Now for each ${N\in{\mathbb N}}$ let ${\displaystyle A_N=\bigcup_{n=N}^\infty a_n[M_n]}$. Note that ${A_N}$ is obtained from ${A}$ by removing a finite set, so by Lemma 3 the additive Banach upper density of ${A}$ is the same as that of ${A_N}$. On the other hand, the sets ${\{A_N-i,i=1,...,a_N\}}$ are pairwise disjoint, so for any additive Følner sequence we get that the upper density of ${A_N}$ is at most ${1/a_N}$. Since ${N}$ was arbitrary we conclude that the Banach upper density of ${A}$ is ${0}$ as desired. $\Box$
For the next result we need a lemma:

Lemma 5 Let ${P}$ be a set with ${0}$ additive upper density with respect to some fixed arbitrary Følner sequence. Then for every ${n\in{\mathbb N}}$ there exists some ${a\in{\mathbb N}}$ such that the interval ${[a,a+n]}$ is disjoint from ${P}$.

Proof: For each ${i\in[n]}$, the set ${P-i}$ has ${0}$ density, hence the finite union

$\displaystyle \bigcup_{i=0}^n(P-i)$

still has ${0}$ density and hence is not all of ${{\mathbb N}}$. Let ${a}$ be a number not in that union. Then for each ${i\in\{0,\dots,n\}}$ we have ${a\notin(P-i)}$ which is equivalent to ${a+i\notin P}$. We conclude that ${[a,a+n]}$ is disjoint from ${P}$ as desired. $\Box$

The next result is in some sense complementary to Proposition 4.

Proposition 6 There exists a set ${A\subset{\mathbb N}}$ such that ${A}$ has multiplicative Banach upper density ${0}$ but for some additive Følner sequence, the lower density of ${A}$ is ${1}$.

Proof: We define the sequences ${(a_n)}$ of natural numbers and ${(A_n)}$ of finite sets of ${{\mathbb N}}$, recursively by ${a_1=1}$, ${A_1=\{1\}}$ and for ${n>1}$ we let ${a_n>a_{n-1}}$ be such that ${[a_n,a_n+n]}$ is disjoint from ${\displaystyle \bigcup_{k=1}^\infty 2^kA_{n-1}}$ and we let ${A_n=A_{n-1}\cup [a_n,a_n+n]}$.
Observe that we can always choose such ${a_n}$ because the set ${\displaystyle \bigcup_{k=1}^\infty 2^kA_{n-1}}$ can be rewritten as ${\displaystyle \bigcup_{x\in A_{n-1}}xP}$ where ${P=\{2^k:k\in{\mathbb N}\}}$ has natural density ${0}$. Hence each of the sets ${xP}$ has natural density ${0}$ and thus also the finite union over ${A_{n-1}}$ has natural density ${0}$. By Lemma 5 we can choose ${a_n}$ as desired.
Let ${A=\bigcup A_n}$. It has lower density ${1}$ with respect to the additive Følner sequence ${([a_n,a_n+n])}$. Also note that the multiplicative shifts ${\{2^kA,k\in{\mathbb N}\}}$ are all disjoint, so ${A}$ has zero multiplicative density with respect to every multiplicative Følner sequence. $\Box$
Since the natural density implies more regularity to a set than just upper density, it is natural to wonder if the previous result still holds with the upper density with respect to some Følner sequence replaced with natural density.
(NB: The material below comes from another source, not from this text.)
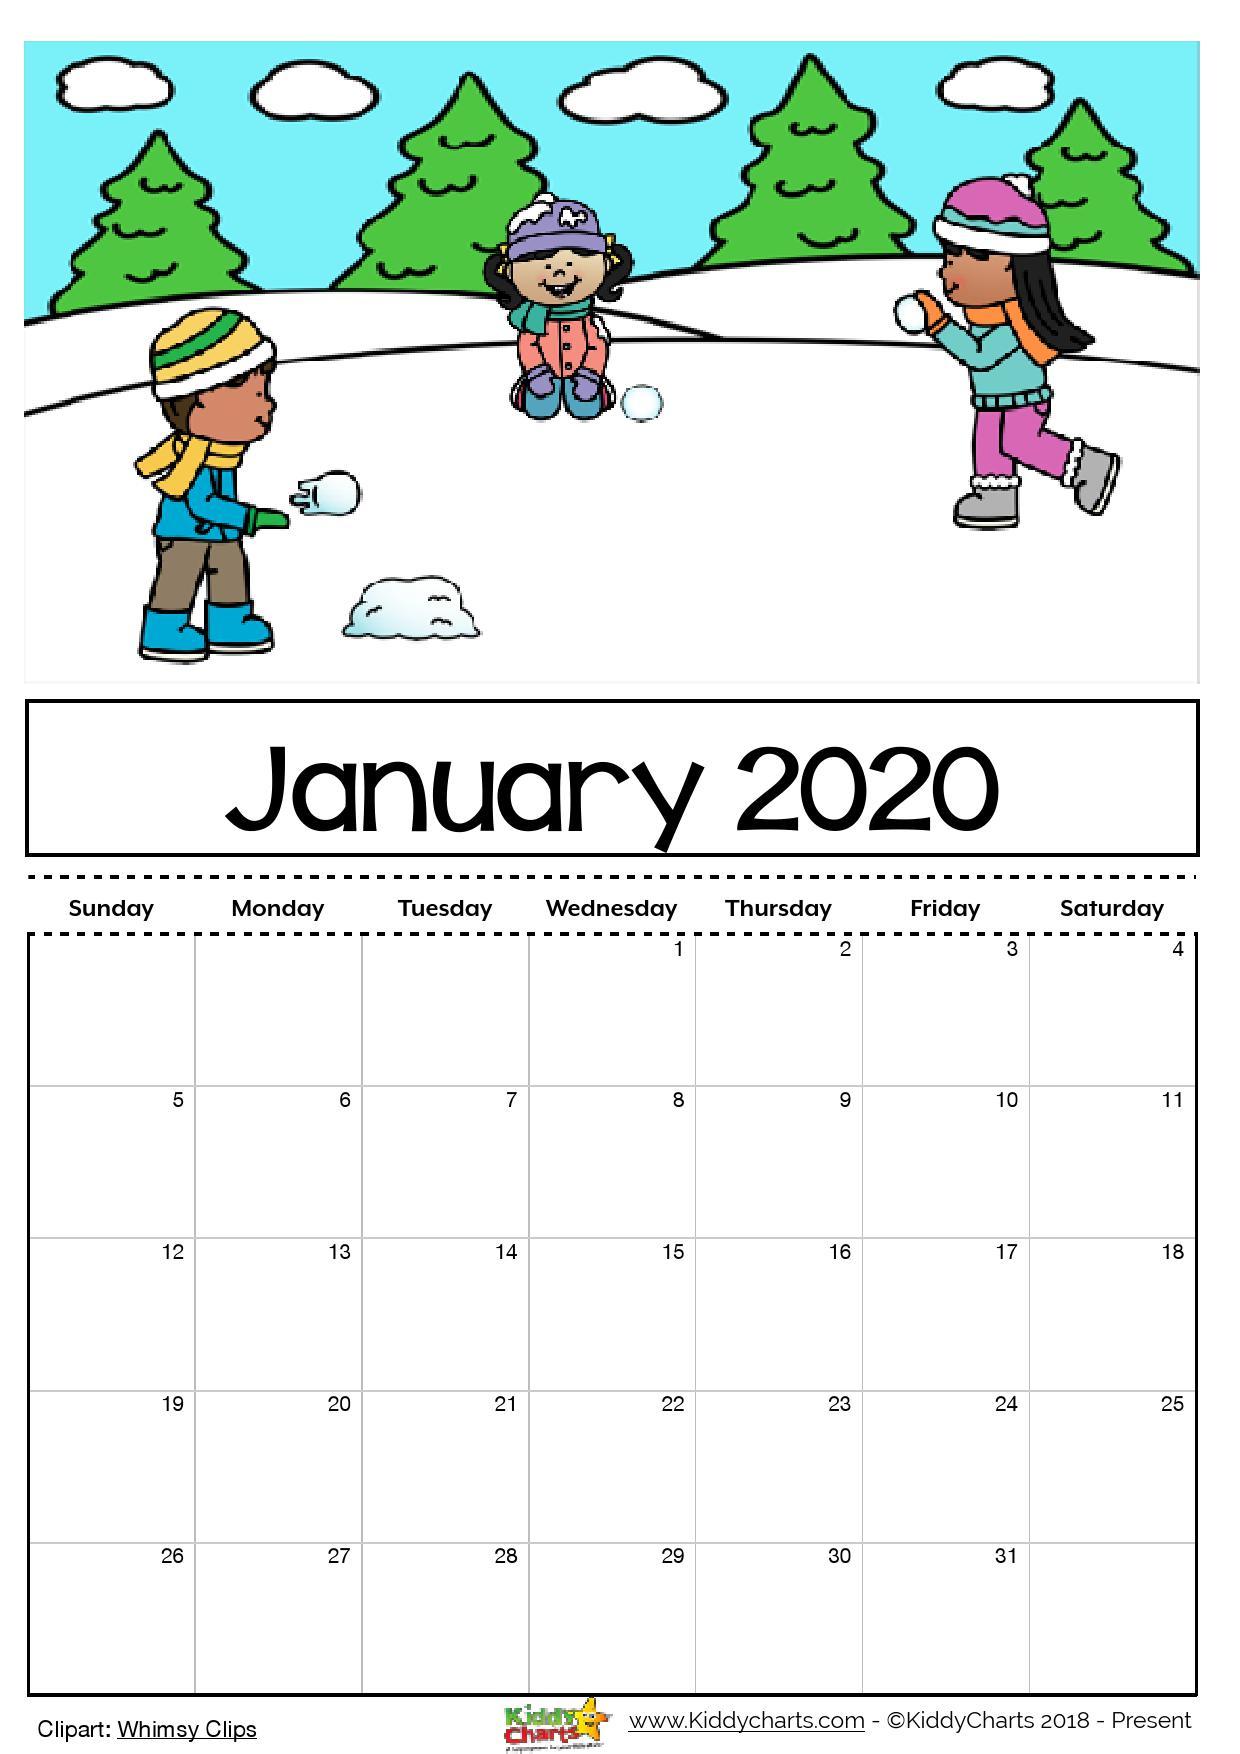 January 2020 Calendar For Kids - Togo.wpart.co

As an indication in this direction is the following:

Proposition 7 For every ${\epsilon>0}$ there is a set ${A\subset{\mathbb N}}$ of natural density at least ${1-\epsilon}$ and such that ${A}$ has multiplicative Banach upper density ${0}$.

Proof: Let ${k\in{\mathbb N}}$ and take ${A:={\mathbb N}\setminus\bigcup_{i=1}^\infty i^k{\mathbb N}}$ to be the set of ${k}$-th power free numbers. It is a classical fact that the natural density of ${A}$ is ${1/\zeta(k)}$ where ${\zeta}$ is the Riemann zeta function. On the other hand, the sets ${\{p^kA: p\text{ is prime}\}}$ are pairwise disjoint, therefore the upper density of ${A}$ with respect to any multiplicative Følner sequence is ${0}$ $\Box$
The next proposition is in the opposite flavor of the previous ones, in the sense that it establishes some relation between additive and multiplicative structure.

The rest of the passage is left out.